Dataset section:
※

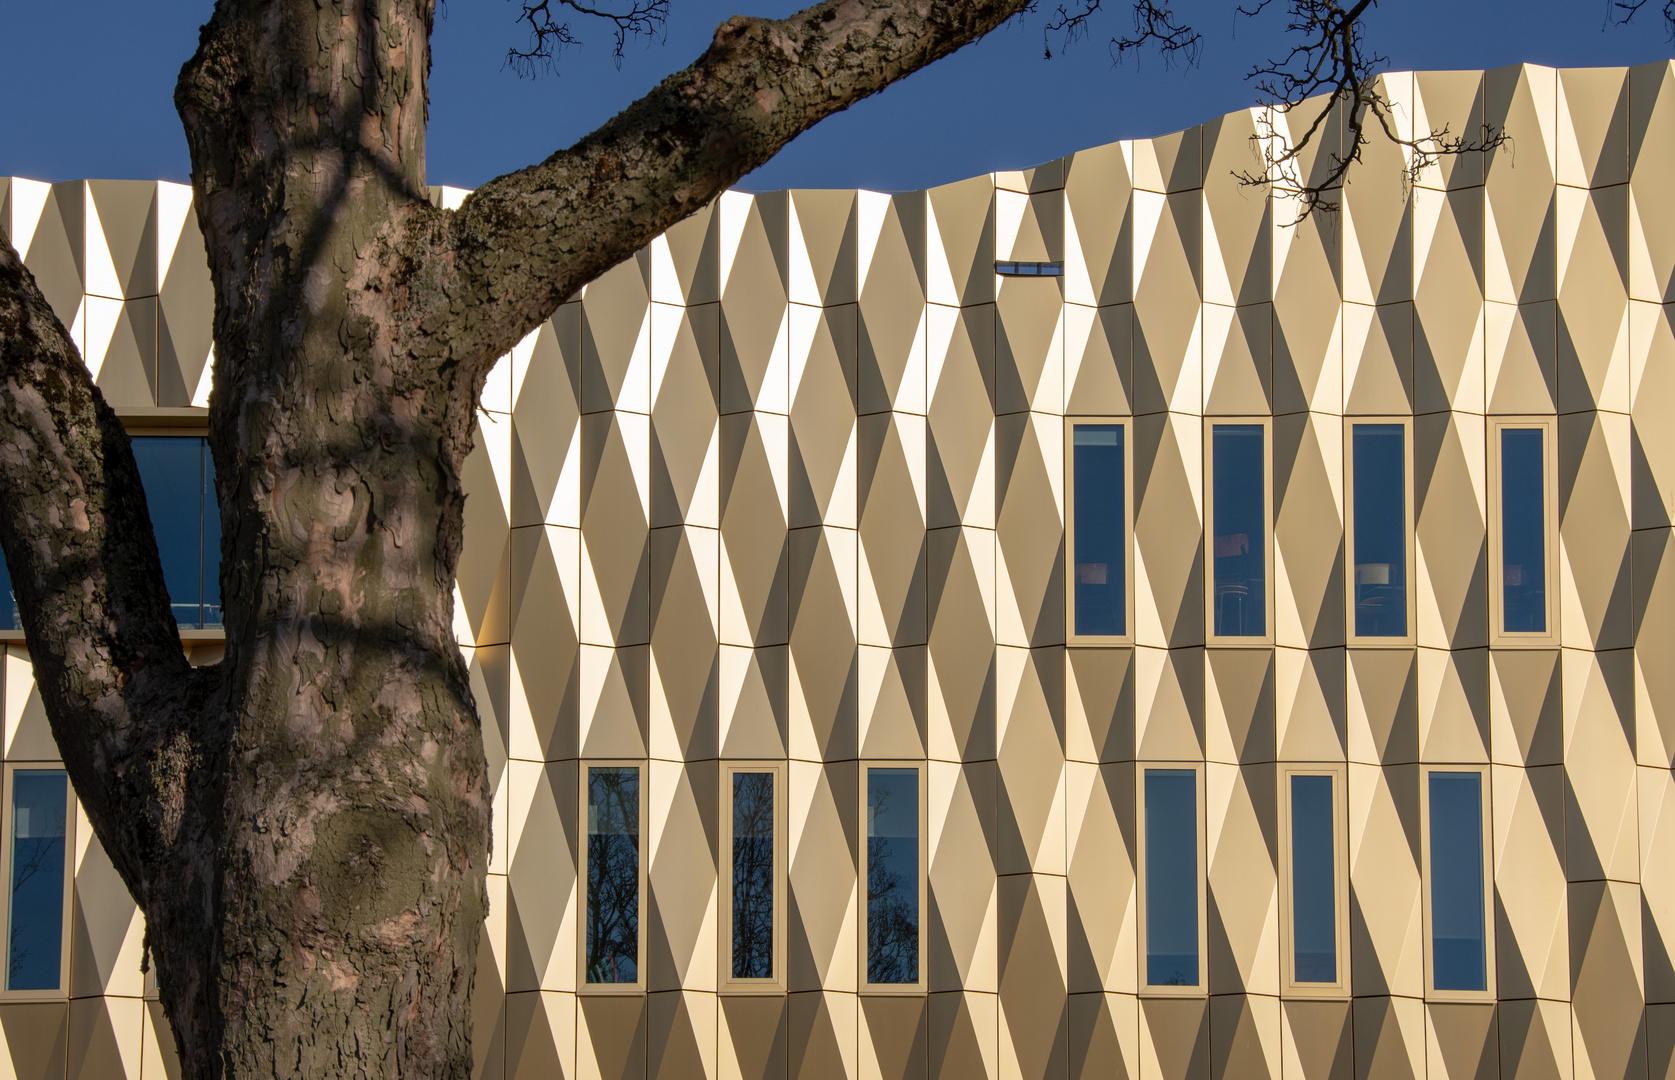 Tiel - Kerkstraat - Library - 03
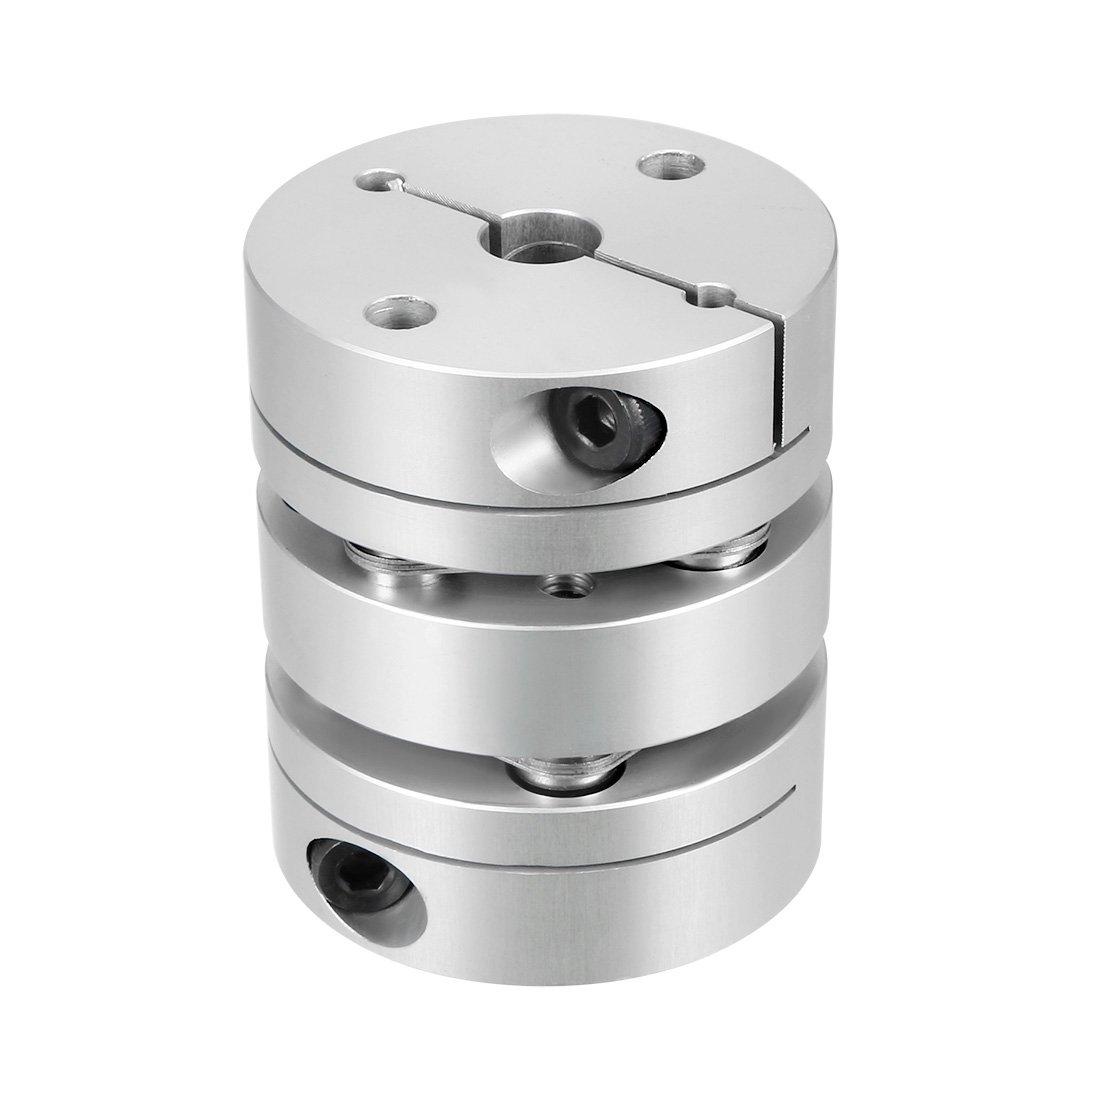 sourcingmap 14mmx16mm Clamp Tight Motor Shaft 2 Diaphragm Coupling Coupler
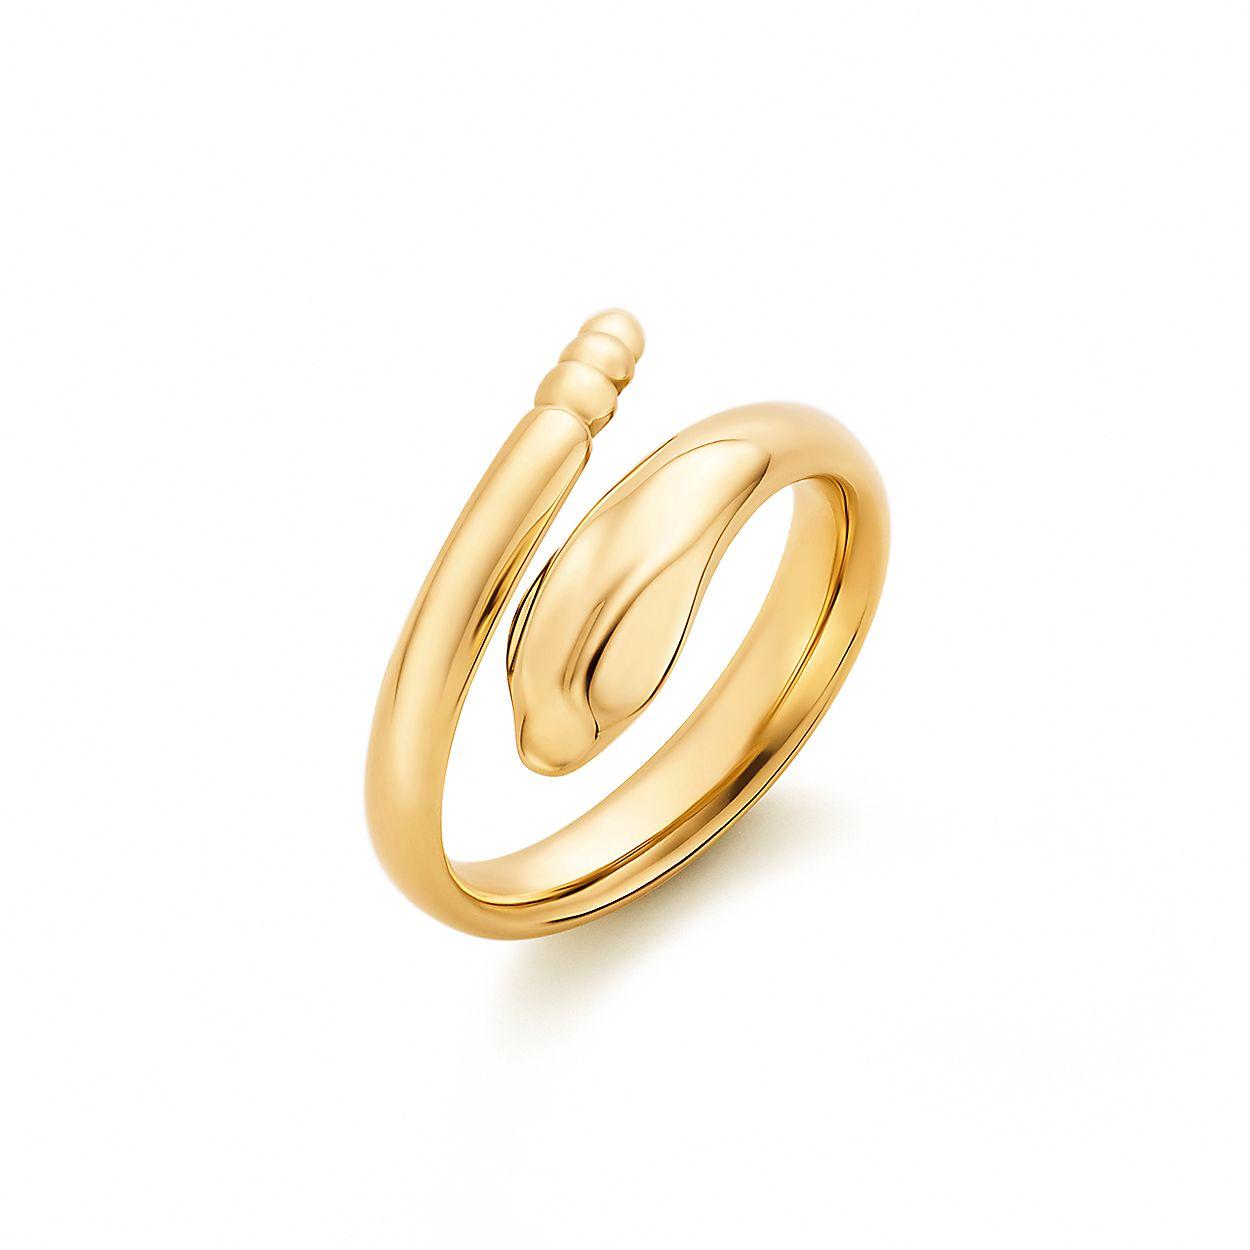 9dd8e6d80 Elsa Peretti® Snake ring in 18k gold. | Tiffany & Co.

※

What this task involves: Find the line with "sourcingmap 14mmx16mm Clamp". Return it and each line after it through the end of the data, exactly, without pictures.

Task answer:
 sourcingmap 14mmx16mm Clamp Tight Motor Shaft 2 Diaphragm Coupling Coupler
 9dd8e6d80 Elsa Peretti® Snake ring in 18k gold. | Tiffany & Co.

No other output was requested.